Will give you an analogy looking to the future. Driverless cars are the future. In thirty years, people won't be behind the wheel. You will call up your car ride to your door on your computer...likely by voice command. A news flash. All technology is fallible. Guess what? These cars will kill people, just like airbags do. That's right, driverless cars will kill people. But....currently conventional automotive transporation kills 30,000 per year in America like clockwork....many even with airbag technology. Driverless cars will kill MUCH fewer. But, this technology will fail from time to time, accidents will occur and people will be killed by this new technology as well.
Yes, I know this. Being a software engineer myself I know how many things can go wrong within a system. Often these are a result of human error or unforeseen exceptions taking place in unforeseen scenarios. My point however was, that the only problem I had with airbags is that such scenarios CAN and WILL take place (in the beginnings usually more often than when the technology has been around for some time and its flaws ironed out), compared to the scenario where you would have gotten away unscathed if such technology was not present.

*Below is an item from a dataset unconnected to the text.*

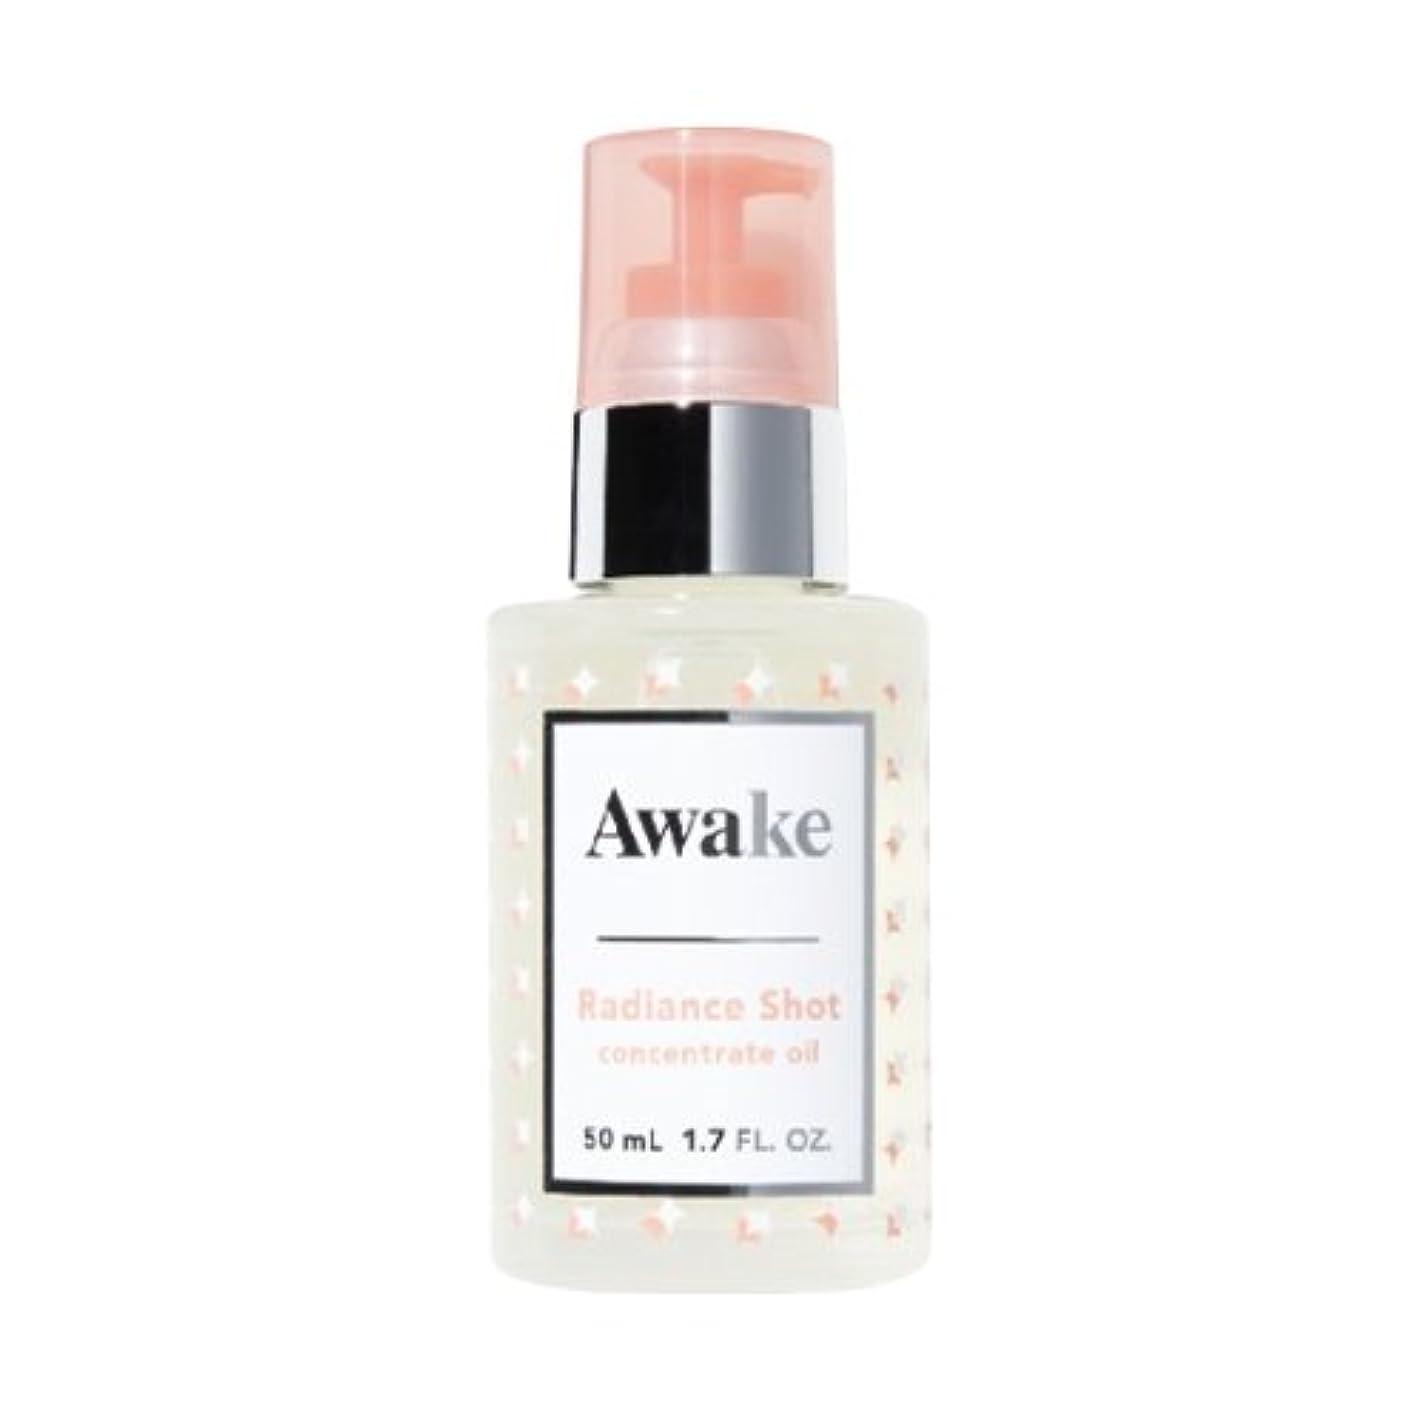 ペッカディロ宇宙船繁雑アウェイク(AWAKE) Awake(アウェイク) ラディアンスショット コンセントレイトオイル 〈美容オイル〉 (50mL)

That is regrettable and hence I said we should keep improving the technology rather than deactivate it.
I can however understand the people who got involved in minor low-collision accidents (perhaps they were early-adopters of this technology), had their airbags deployed giving them hearing loss, and consequently wishing they deactivated their airbags. It is not a rational thing to do, but we all know most Tinnitus sufferers go through the "what if" phase when acquiring this condition.